On the TUNNEYSIDE of SPORTS April 13, 2015 #536 Up next…Ya Gotta Have “Heart!”
After further review…With the completion of the 79th Masters Golf tournament this last weekend, the age-old question is asked once more: how does one qualify to receive such a prestigious invitation? The truth is that 99-plus percent of those playing golf today will never be invited to participate. But ask any of those legions of golfers, and they will tell you that simply to play Augusta National would be a dream come true, never mind the green jacket. There are 19 routes to that coveted invitation. So, —how did a professional golfer ranked 117th by Official World Golf get one, and who is he?
His name is Erik Compton, 35, born and raised in Miami of Norwegian ancestry, and he has played golf since he was 12. At age 18, he was the top-ranked junior golfer in the United States, and later became a two-time All-American at the University of Georgia coached by Chuck Haack – or “Hacker” as he is known by the six – yes, six — professional protégés who played in this year’s Masters. But Haack’s tutelage alone did not qualify Compton for an invitation to play in the event he had dreamed of all his life. Stay tuned.
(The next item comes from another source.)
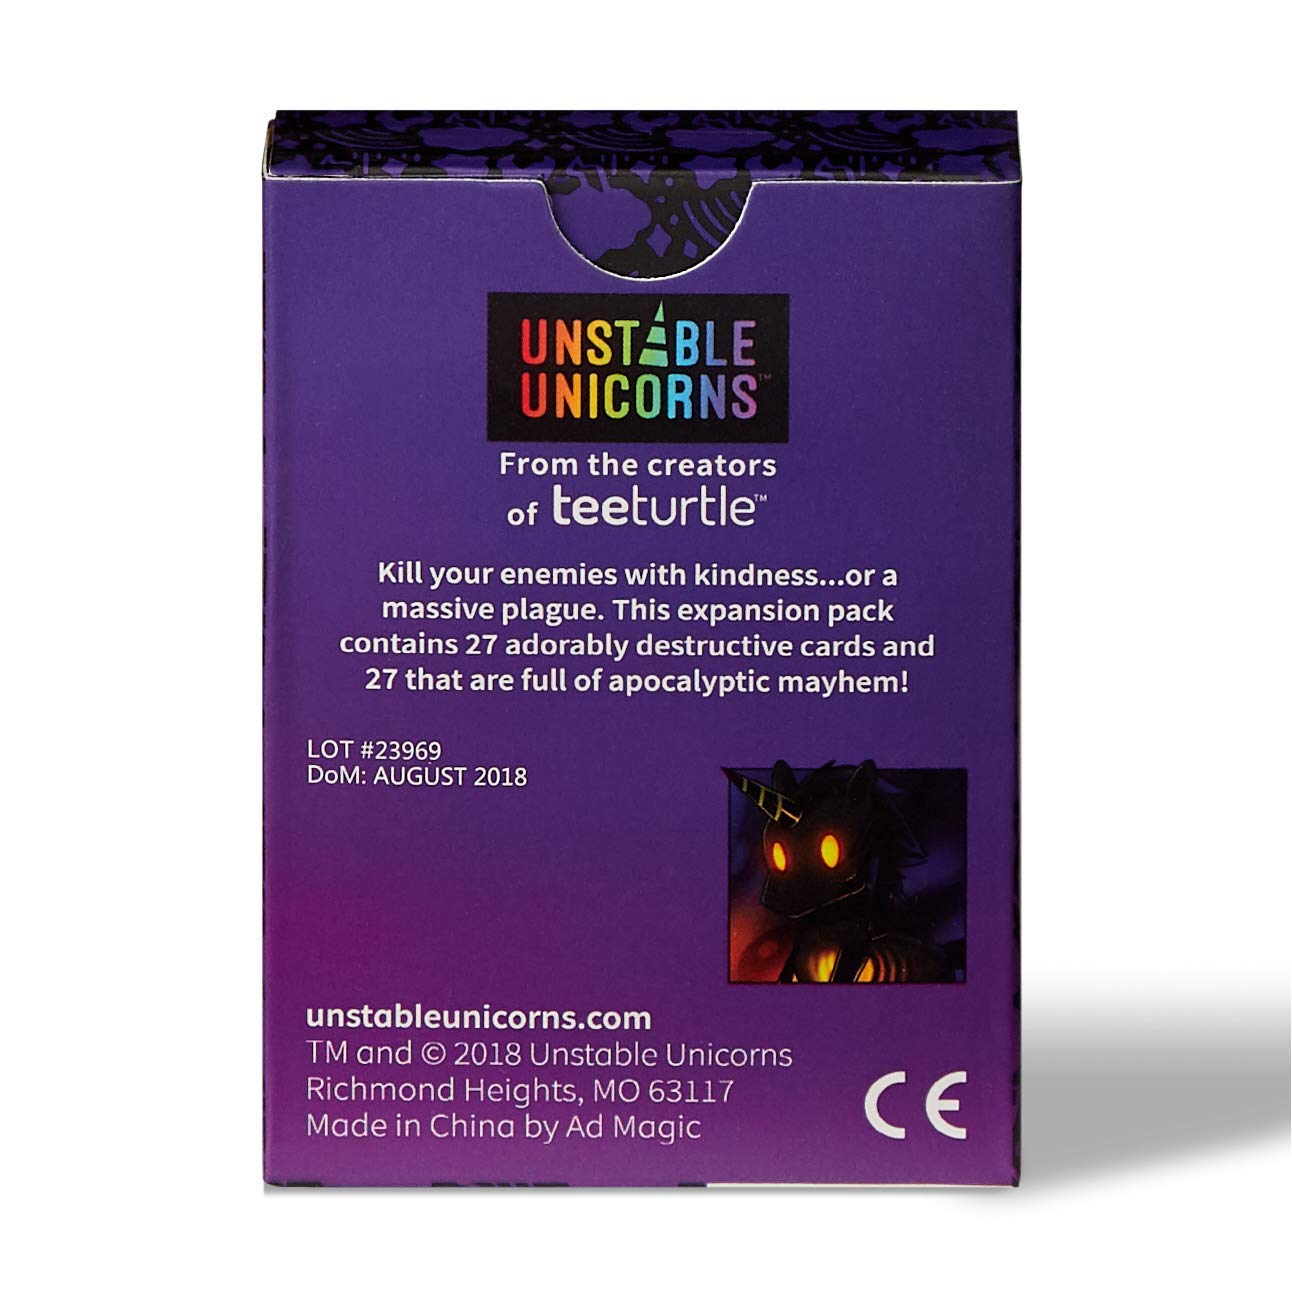 Unstable Unicorns Unicorns of Legend Expansion Pack - Designed to be Added to Your Card Game
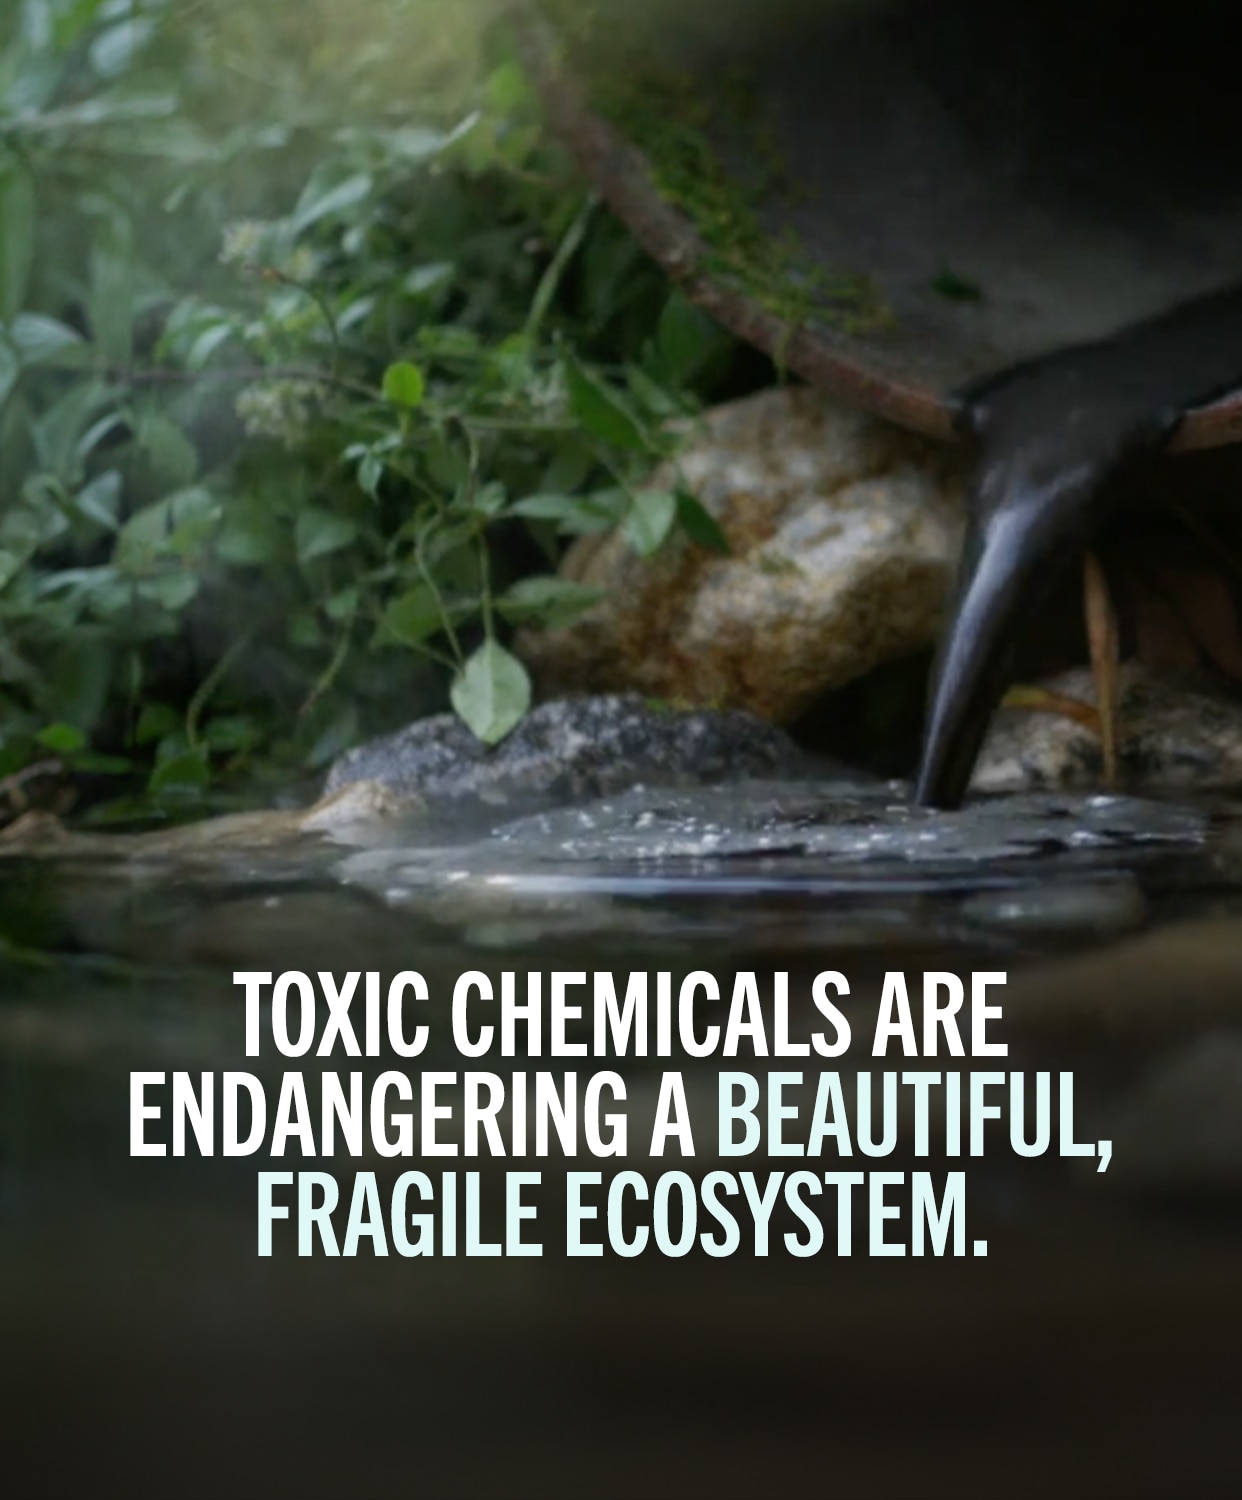 Toxic chemicals are endangering a beautiful, fragile ecosystem.

Compton’s second-place tie in the 2014 U.S. Open at Pinehurst #2 did! And for that he earned $789,330, his biggest win ever. With that tidy sum, you’d think Compton might have celebrated by taking a cruise or a vacation. Nope—Erik played in the Travelers Championship in Crowell, CT., the very next week, which gave him the chance to show up at Hartford Hospital and visit heart transplant patients.
You see, Compton, who walked the Augusta National terrain last week, has had two heart transplants! His first was in 1992 at the age of 12 due to cardiomyopathy. The second was in 2008, at age 29. If you’re keeping score at home, Compton played this year’s Masters with his third heart! Note: Compton shot a one over par to make the cut!
His appearance at the Hartford hospital was no surprise. Photographers had followed Compton there, but he avoided them saying he preferred private time with patients. One of them, Shawn Fullard, was preparing to undergo her second and had lost considerable weight. Compton told her his weight dropped to 129 pounds following his second procedure, and assured her the weight will come back. He encouraged her to “Stay Strong;” then, he autographed a golf glove for her.
Will you have the “heart” to follow your dreams even under trying circumstances?